1) MONITOR YOUR NETWORK INTERFACE: click Start > Settings > Control Panel > Administrative Tools > Performance. In the "TREE" window (left) click on the System Monitor icon. (I assume the System Monitor snap-in has been installed by default. If not, you must install it before continuing.) In the Details window (right-hand panel) Right-click to open a small dialogue box and choose Add Counters...

In the Add Counters dialogue box, open the drop-down menu labeled Performance 0bject. By default it will be set to Processor. Change it from Processor to Network Interface. In the right side of the dialogue box select which ever NIC you need to monitor during a high-speed down load. You have several choices to monitor. I would start out with Packets Received Errors, Packets Received Discarded and Packets Received/sec. Do an appropriate monitoring program for each NIC during a down load to check performance. Create a log you can refer to later.

2) MONITOR YOUR TCP CONNECTION: Once you've monitored the Network Interface, go back to the Add Counters dialogue box and change the Performance Object from Network Interface to TCP. Under TCP you can choose to monitor such items as Connection Failures, Connections Active, Connections Passive, and Segments Received/sec.
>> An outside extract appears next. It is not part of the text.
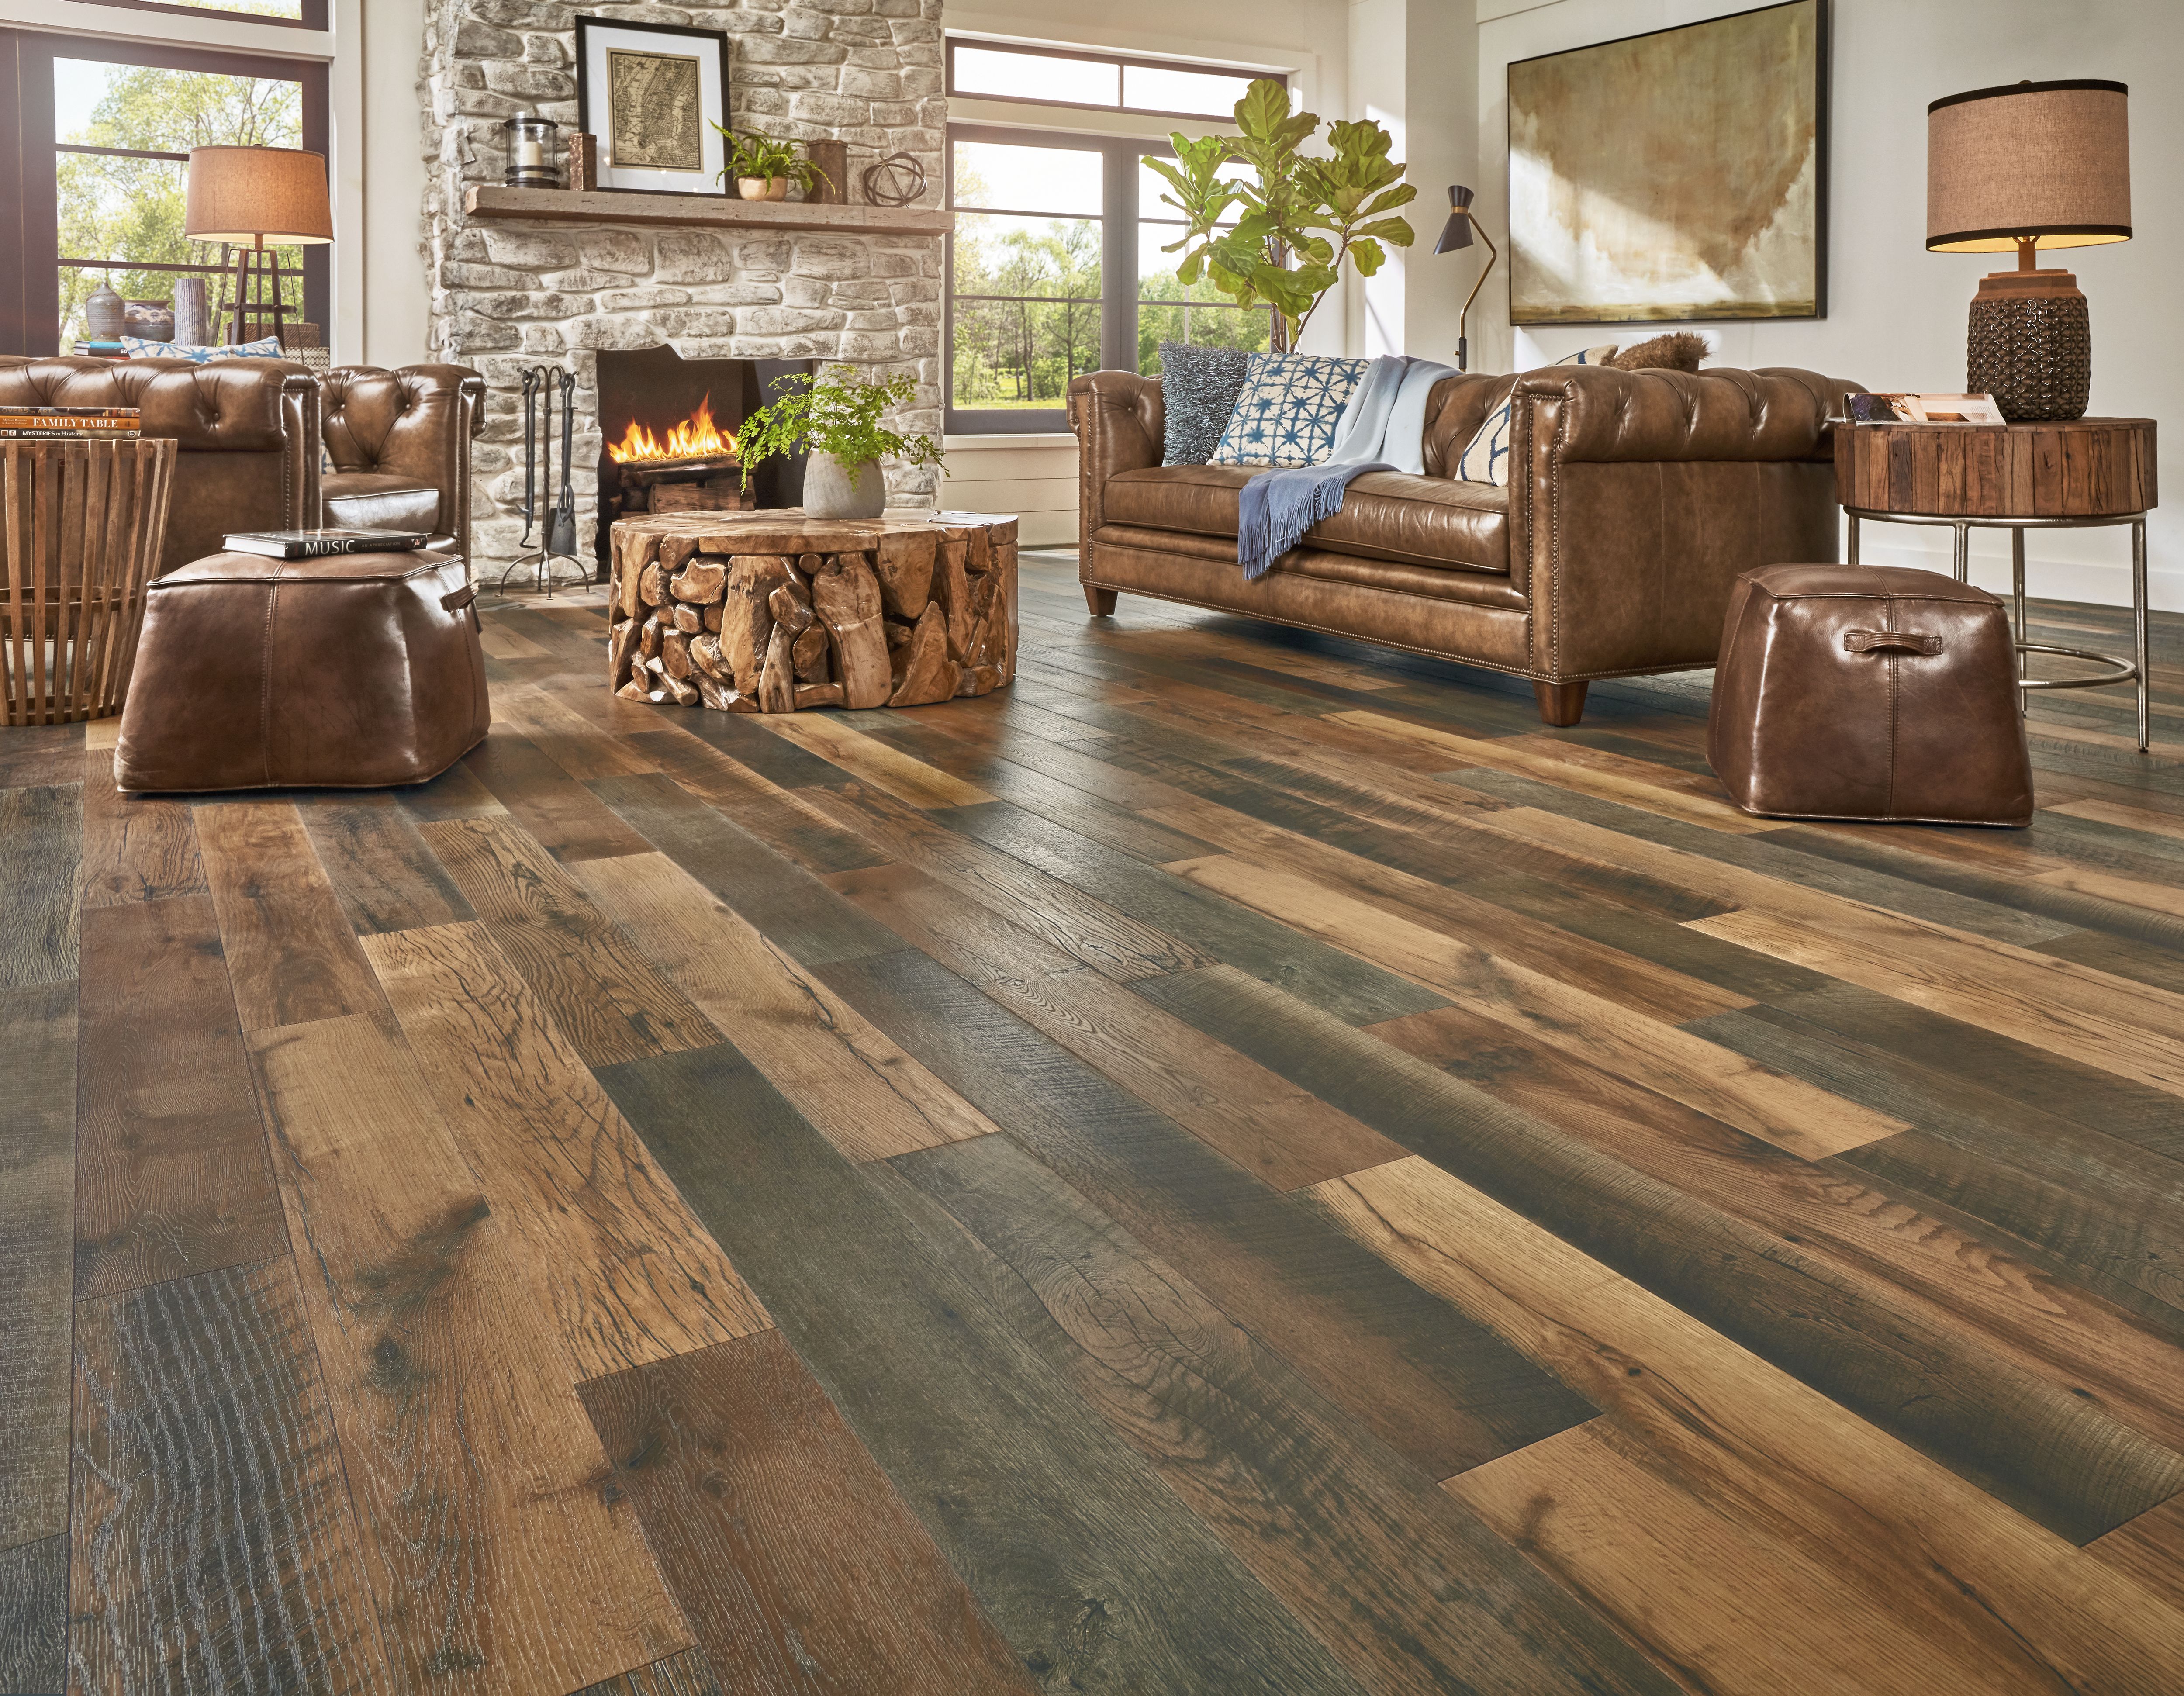 Find Pergo Flooring For You, Pergo Or Laminate Flooring

Again, create a log during the download you can refer to later.

You could also monitor your RAM, but it's probably not related to your download stalls.

3) ADJUST YOUR NIC "FLOW CONTROL" (if possible)

Click Start > Control Panel > System. Click on Hardware tab, Device Manager button, expand Network Adapters, and select your adapter. Click on the Advanced tab and look for the item in the left window that says "Link speed/Duplex Mode". The dropdown menu on the right, labeled "value" will probably be set to Auto. You may have to adjust the settings in this menu to conform with your network. This depends on whether your network is half duplex or full duplex, and how much bit density your NIC can handle. In most situations the Auto setting works best because it can usually adjust for network speed and duplex configurations. But it's worth a look.

You may also want to experiment with lowering your Early Tx Threshold value, also found on the NIC Advanced tab (if supported). Use the Monitoring functions above to see if you can produce any improvemet. Remember to write down your original Tx Threshold value so you can reset it if necessary. Adjusting Tx Threshold is unlikely to resolve your problem, but it's worth a try.

C) Simplify your hardware configuration:

You state that your problems may have started when you installed a second NIC card. There may be a reason for running two NIC cards at the same time, but if possible I would think through your situation and see if you can make all of your network connections using only one.

You may NEED two NICs, if you are connecting to two incompatible network stacks, or if you are using your PC as a Bridge/Router between incompatible network segments. If this is not the case, then you are probably better off using only one NIC.

D) Check for mutual NIC interferece problems:

1) Let's suppose you NEED to run two NICs for reasons I don't understand. Then you may want to see if they're interferring with each other. The easiest way to do this is to go into the Device Manager and temporarily disable one of the NICs. Then do a high-speed download with the other NIC and see if you still get a lock-up. This strategy will at least help isolate the problem. If the NICs won't work together, maybe one of them will work independently.

2) If you find that one NIC works independently, another possible solution is to create a separate hardware profile where only one NIC has it's drivers loaded. Then you can use that profile for high-speed down loads, and use to your normal hardware profile for all other PC functions.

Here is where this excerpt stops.